# GT: Dallas Mavericks @ Los Angeles Lakers



## croco (Feb 14, 2005)

*Dallas Mavericks [47-28] @ Los Angeles Lakers [51-24]*
 | Friday, April 04 2008 | Los Angeles, California | Staples Center | 10:30 pm ET | 
| *TV*: ESPN | *Radio*: KESN-FM 103.3


*Game Notes*

They’re both offensive-minded, game-changing 7-footers, but lately Pau Gasol and Dirk Nowitzki had simply been two tall spectators in street clothes.

The Los Angeles Lakers and Dallas Mavericks were more than happy to see them back in uniform Wednesday.

One game after both teams got their star big men back in the lineup, Los Angeles will host Dallas on Friday night with each looking to improve its standing in the Western Conference playoff race.

Gasol got hurt two minutes into the Lakers’ 108-98 loss at New Orleans on March 14, and including that game, Los Angeles (51-24) went 5-5 with its starting center on the shelf, including stunning home losses to Charlotte and Memphis.

Gasol finally returned on Wednesday, scoring only 10 points in 32 minutes, but he added six rebounds and seven assists in a 104-91 win over Portland. The victory gave the Lakers a one-game lead over Phoenix in the Pacific Division and kept them within 1 1/2 games of conference-leading New Orleans.

“I think he looked great,” said Kobe Bryant, who led the Lakers with 36 points, 13 rebounds and seven assists. “He looked good yesterday in practice and he played extremely well tonight.”

With Gasol out, Bryant averaged 31.1 points, nearly three more than his average before the injury, but he also took five more shots per game.

When Bryant scores at least 39 points this season, Los Angeles is only 5-4.

Two of those performances have come against the Mavericks (47-28), who are currently sitting in the seventh spot in the West. Bryant scored 40 as the Lakers lost 112-105 in Dallas on Jan. 25, then had 52 to help Los Angeles to a 108-104 overtime win at Staples Center on March 2.

Games like those have helped put Bryant at the forefront of the debate over league MVP, the award Nowitzki won last year in leading the Mavericks to the NBA’s best record.

When Nowitzki landed awkwardly on his left leg in the third quarter of an 88-81 loss to San Antonio on March 23, many thought Dallas might fall out of the playoff picture entirely with its leading scorer potentially out for the rest of the regular season.

But Nowitzki came back Wednesday and helped the Mavericks get one of their biggest wins of 2007-08. They thoroughly outplayed Golden State - one of the teams they’re battling for a postseason berth - in a 111-86 victory, snapping an 0-9 drought against West contenders since the team acquired Jason Kidd.

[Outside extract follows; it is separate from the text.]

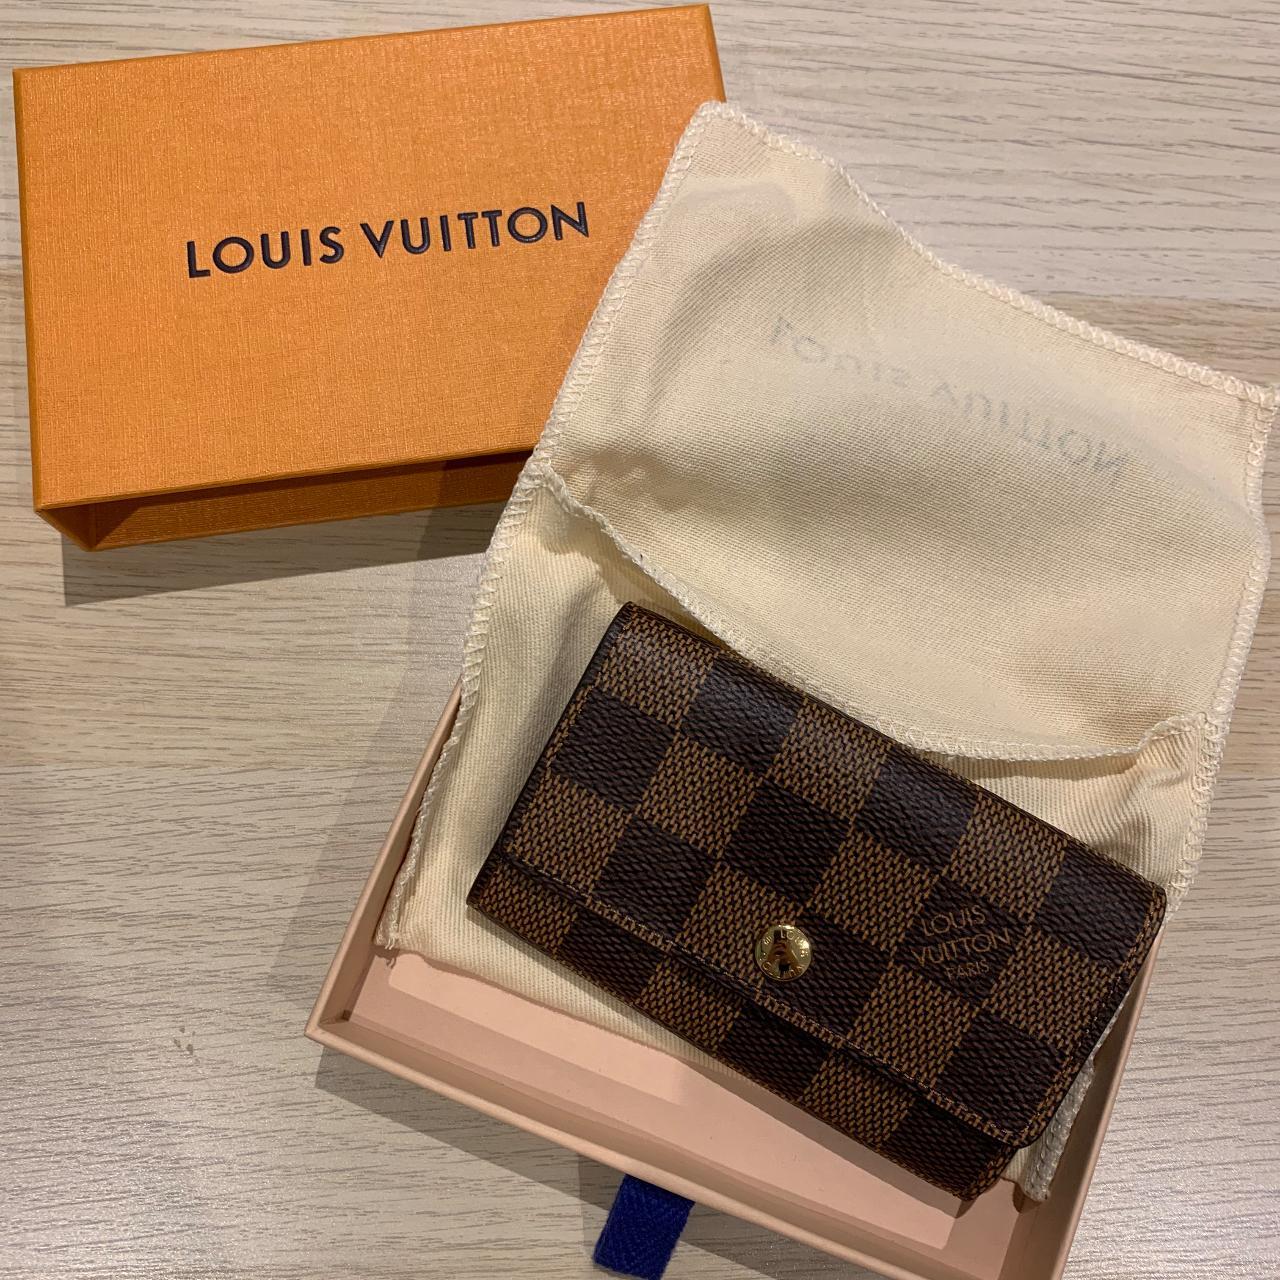 Louis Vuitton purse box - Depop
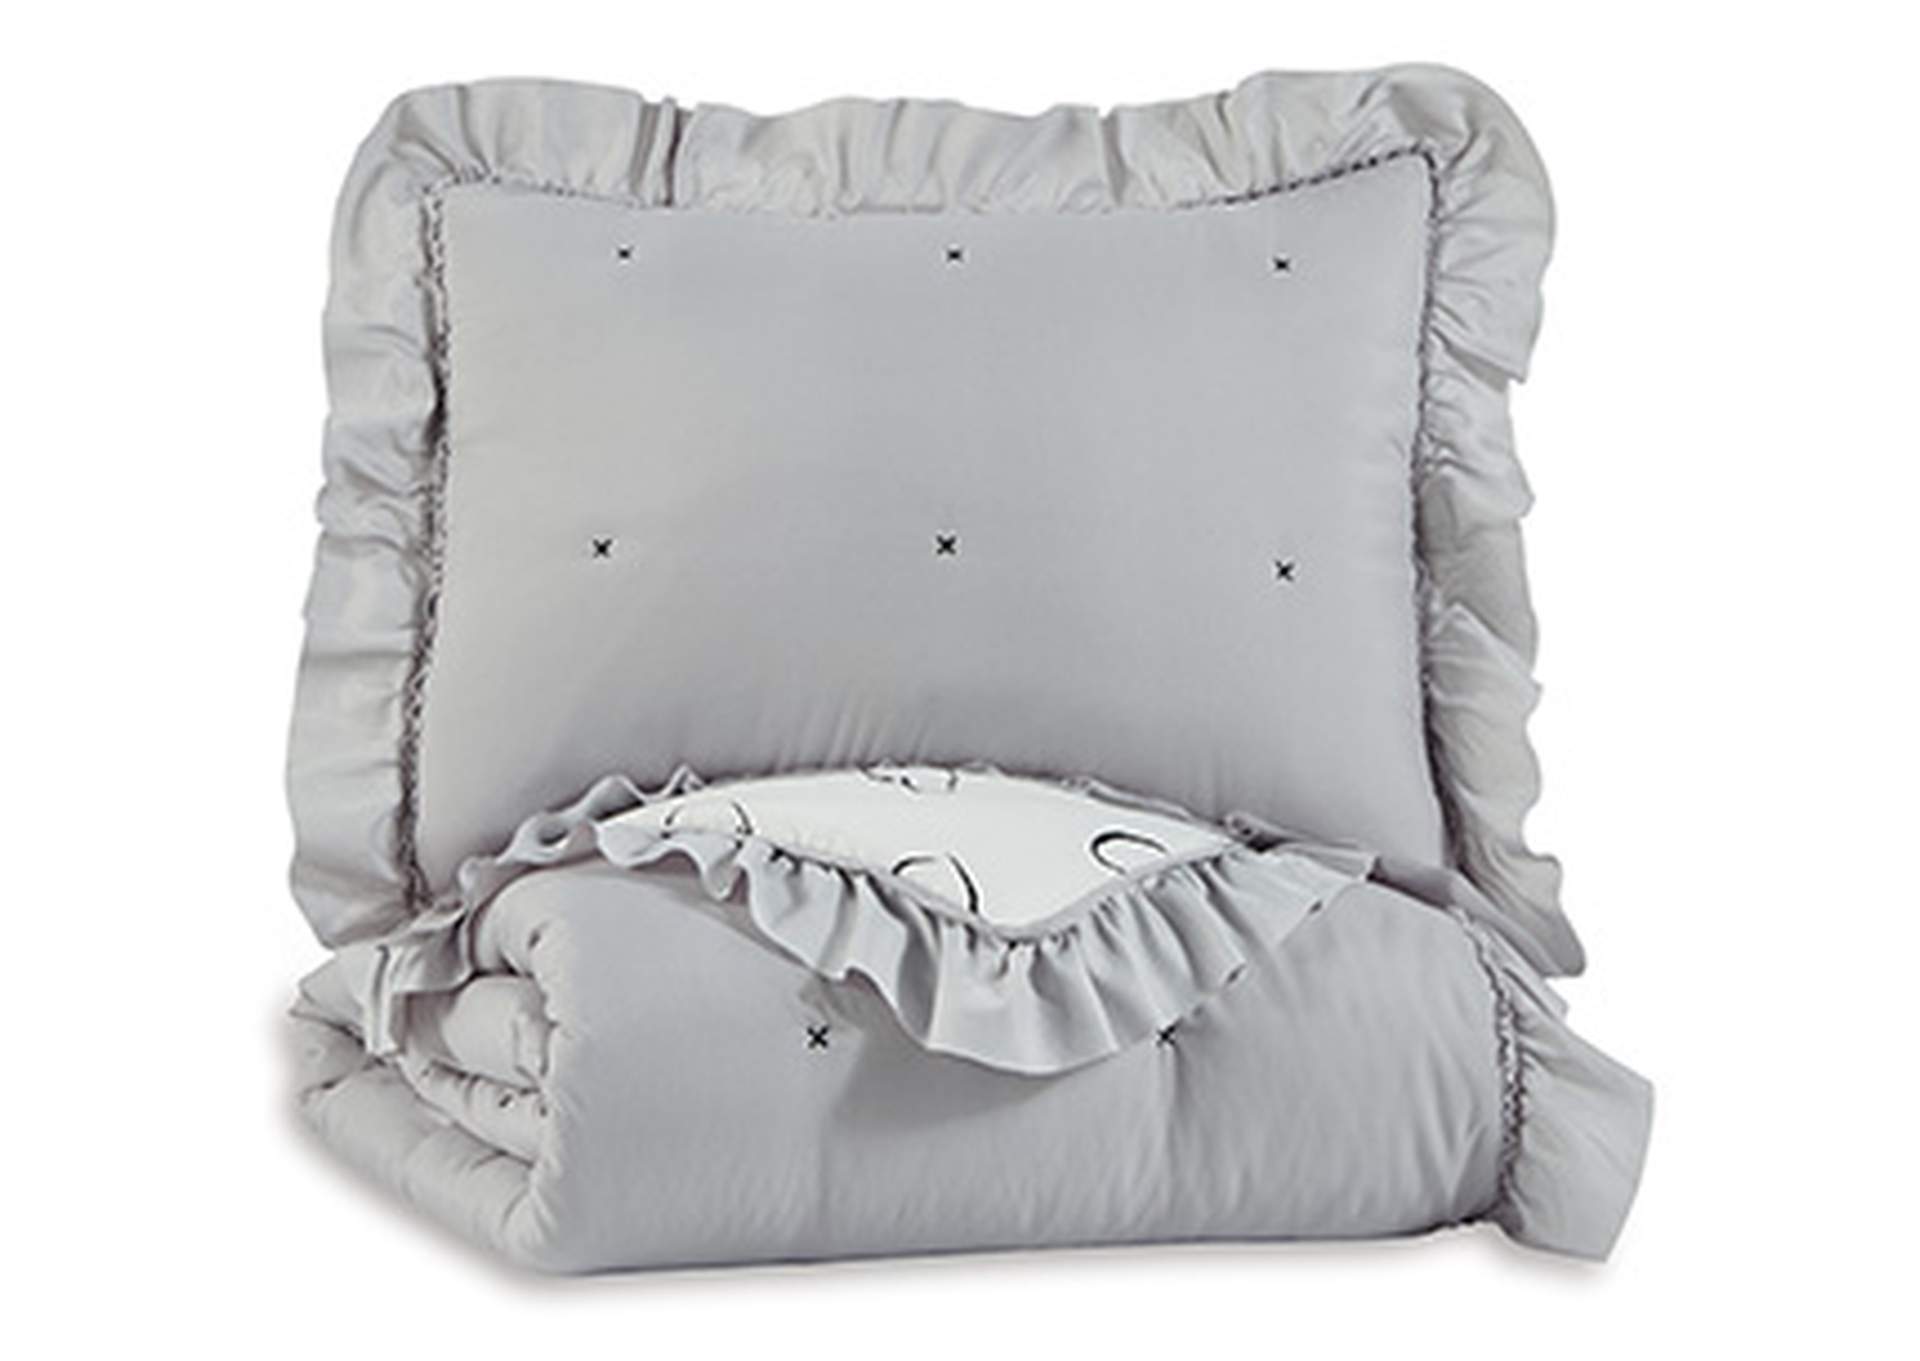 Hartlen Twin Comforter Set,Signature Design By Ashley

“There was already a sense of urgency. … And then seeing Dirk out there, it was very inspiring,” said Jason Terry, who matched a season high with 31 points. “We were very surprised to see him (start).”

Nowitzki had 18 points on 6-of-15 shooting in his return.

“His presence is big on this team and we came out and played hard for him,” said Josh Howard, who had 28 points. “He showed a lot of energy when he was on the court and that carried over to everyone.”

Howard certainly did his best to step up with Nowitzki out. He averaged 30.8 points and 7.3 rebounds in those four games.

Howard is averaging 22.5 points in his last eight games against the Lakers. But Nowitzki has created the biggest matchup problems for Los Angeles this season, averaging 30.3 points and 11.3 rebounds.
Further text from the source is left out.